## [DATA PROVIDED]

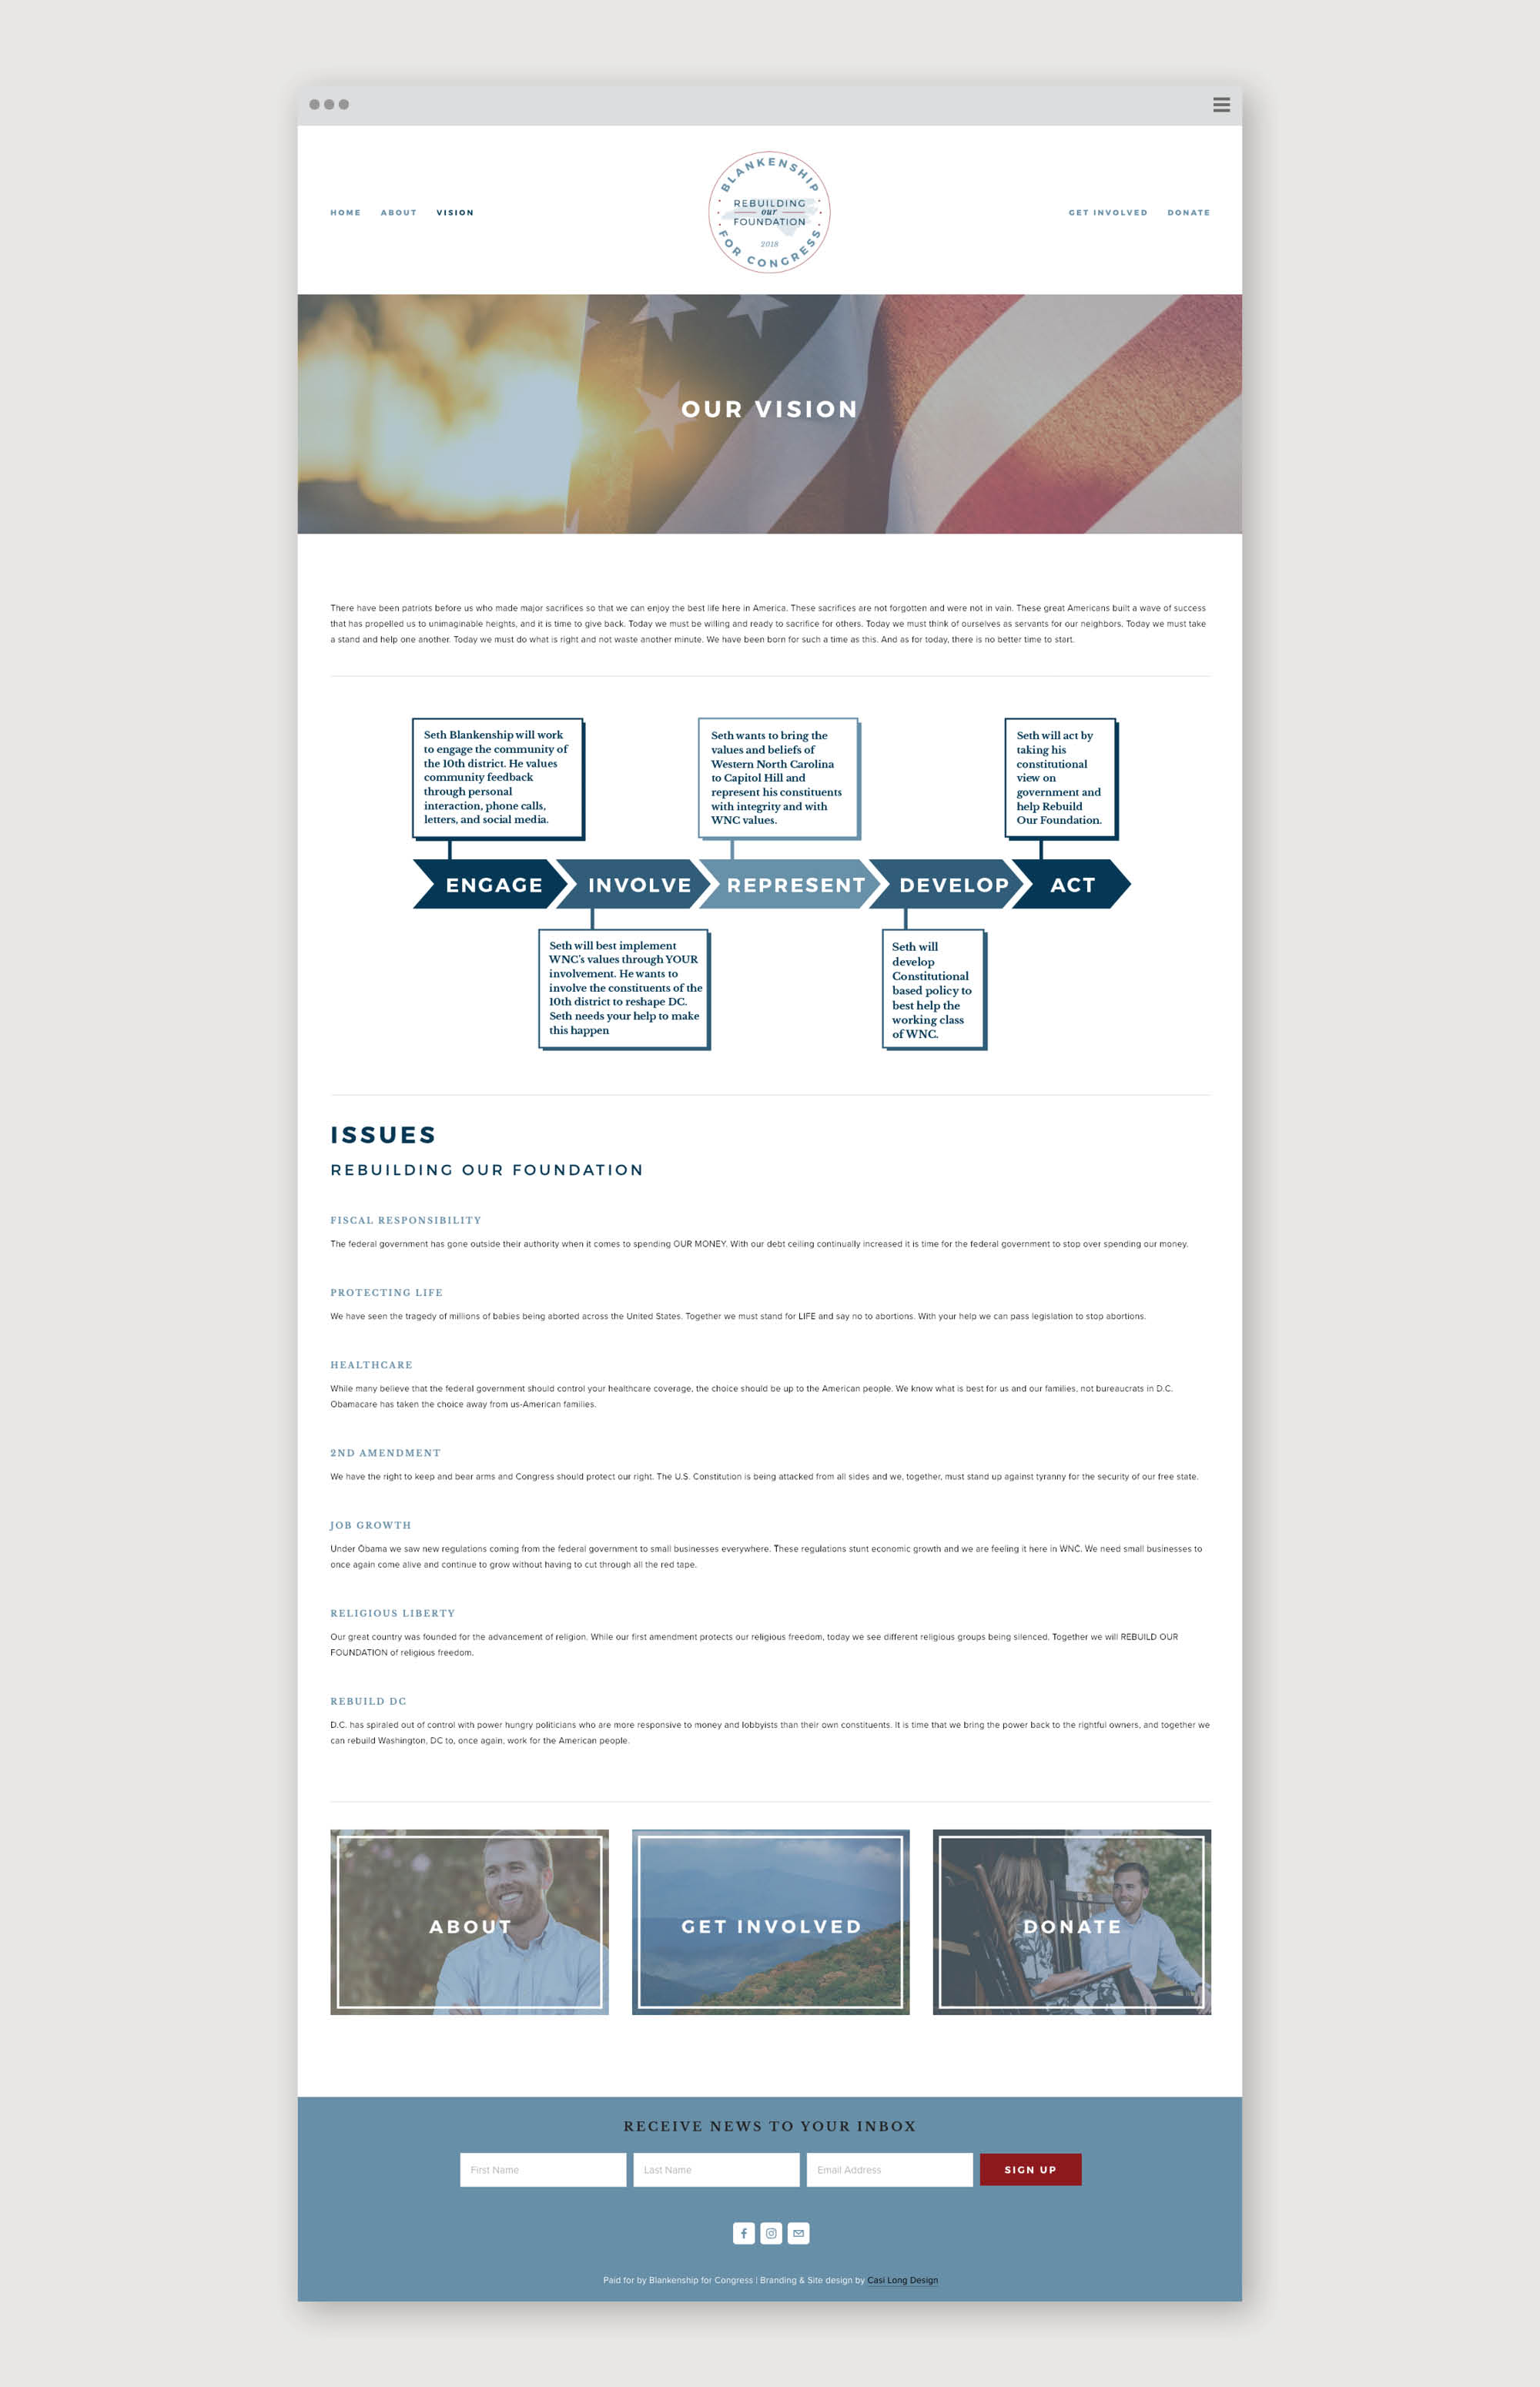 Blankenship for Congress | Website by Casi Long Design | casilong.com
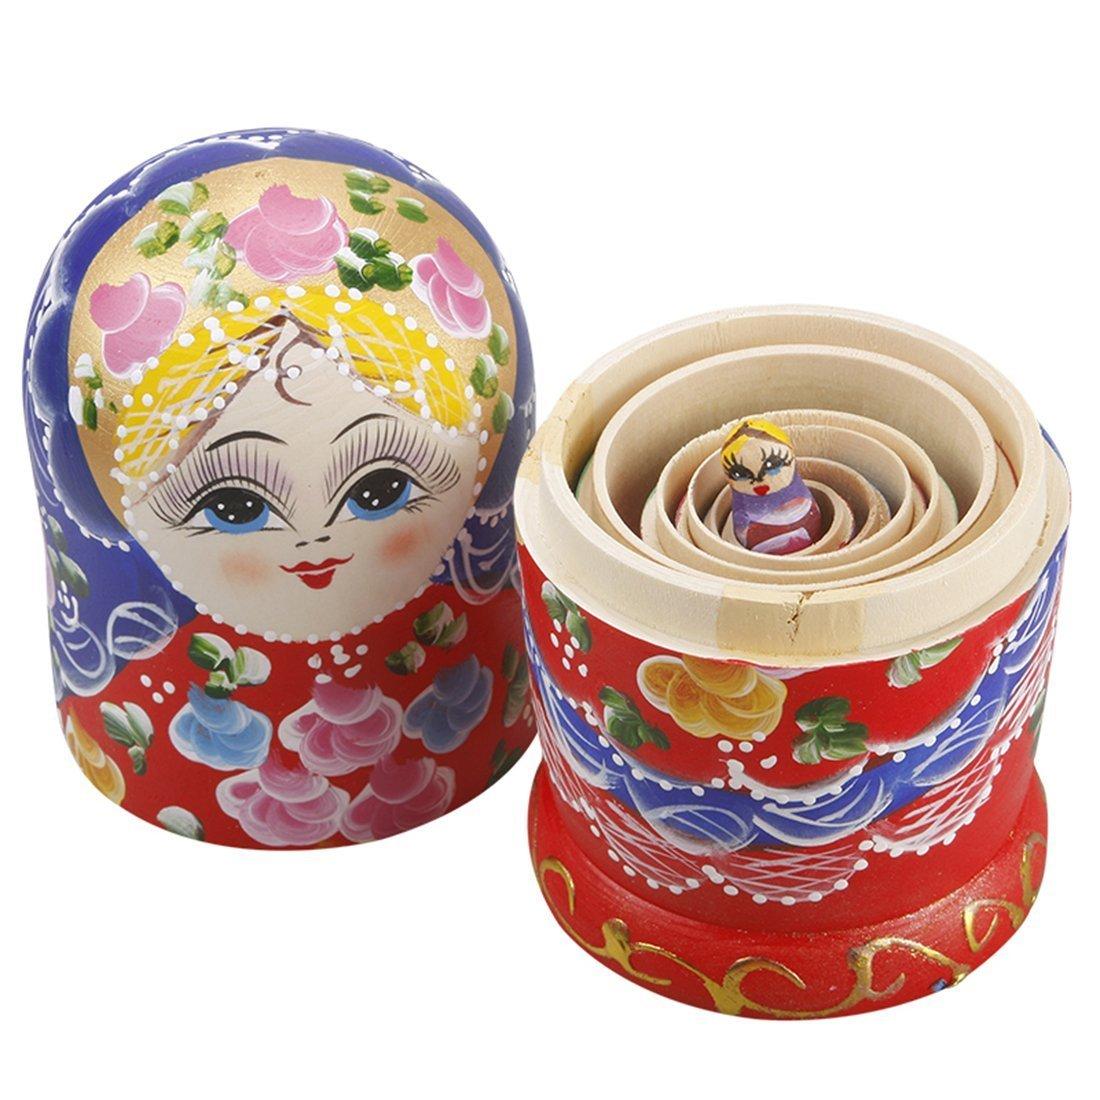 Youbedo 7pcs Blue Flower Madness Nesting Dolls Authentic Russian Wooden Matryoshka by Youbedo
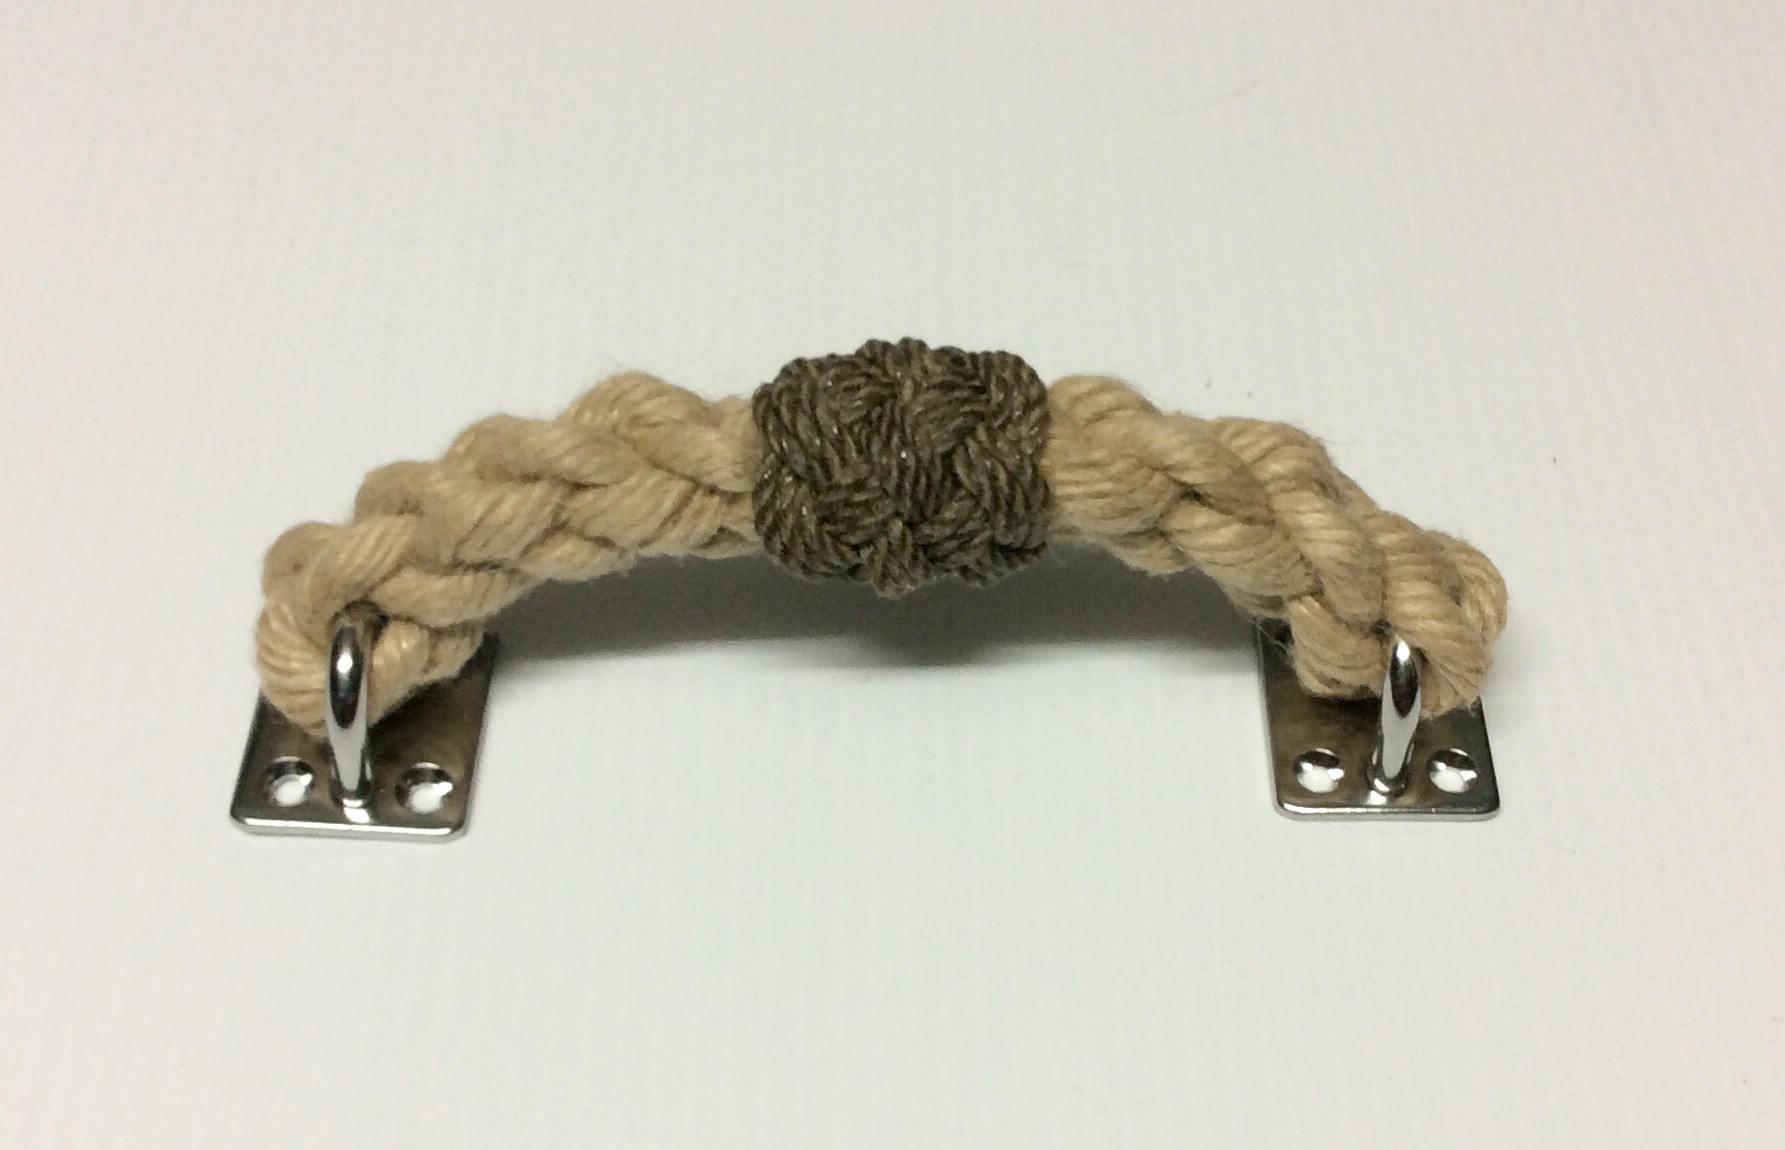 ROPE DRAWER PULL handles handmade natural Hemp rope look a like ...
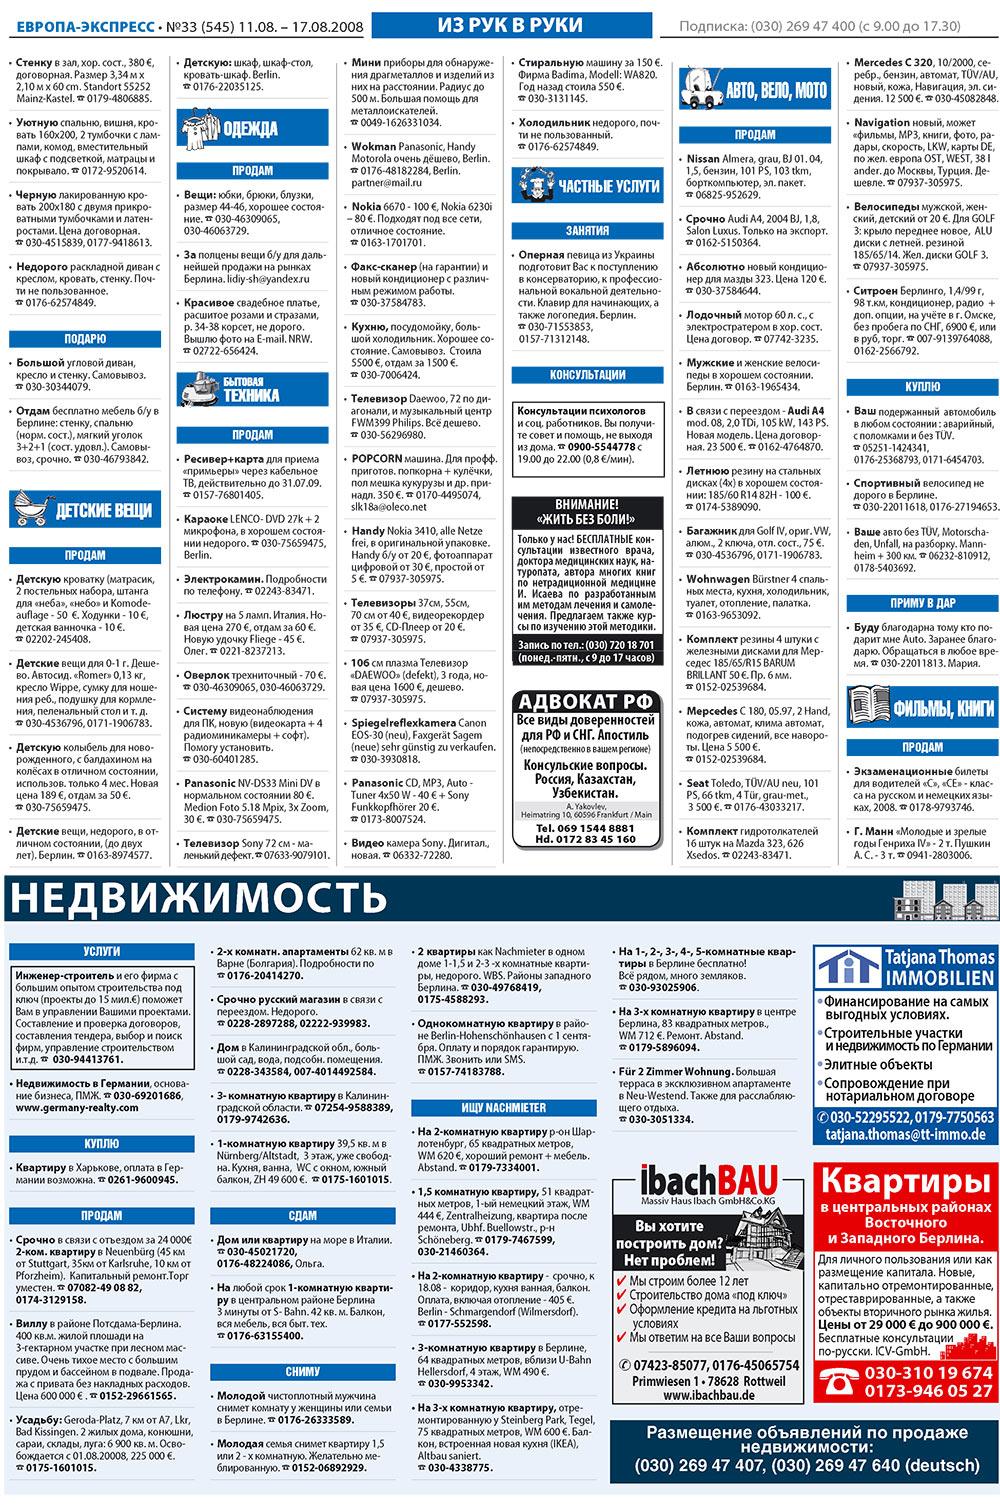 Европа экспресс (газета). 2008 год, номер 33, стр. 19

## [WORK REQUEST]
Everything from the line with "ROPE DRAWER PULL" through the final line of the material is to be returned exactly, both ends included, apart from the pictures.

## [RESPONSE TO THIS TASK]
 ROPE DRAWER PULL handles handmade natural Hemp rope look a like ...
 Европа экспресс (газета). 2008 год, номер 33, стр. 19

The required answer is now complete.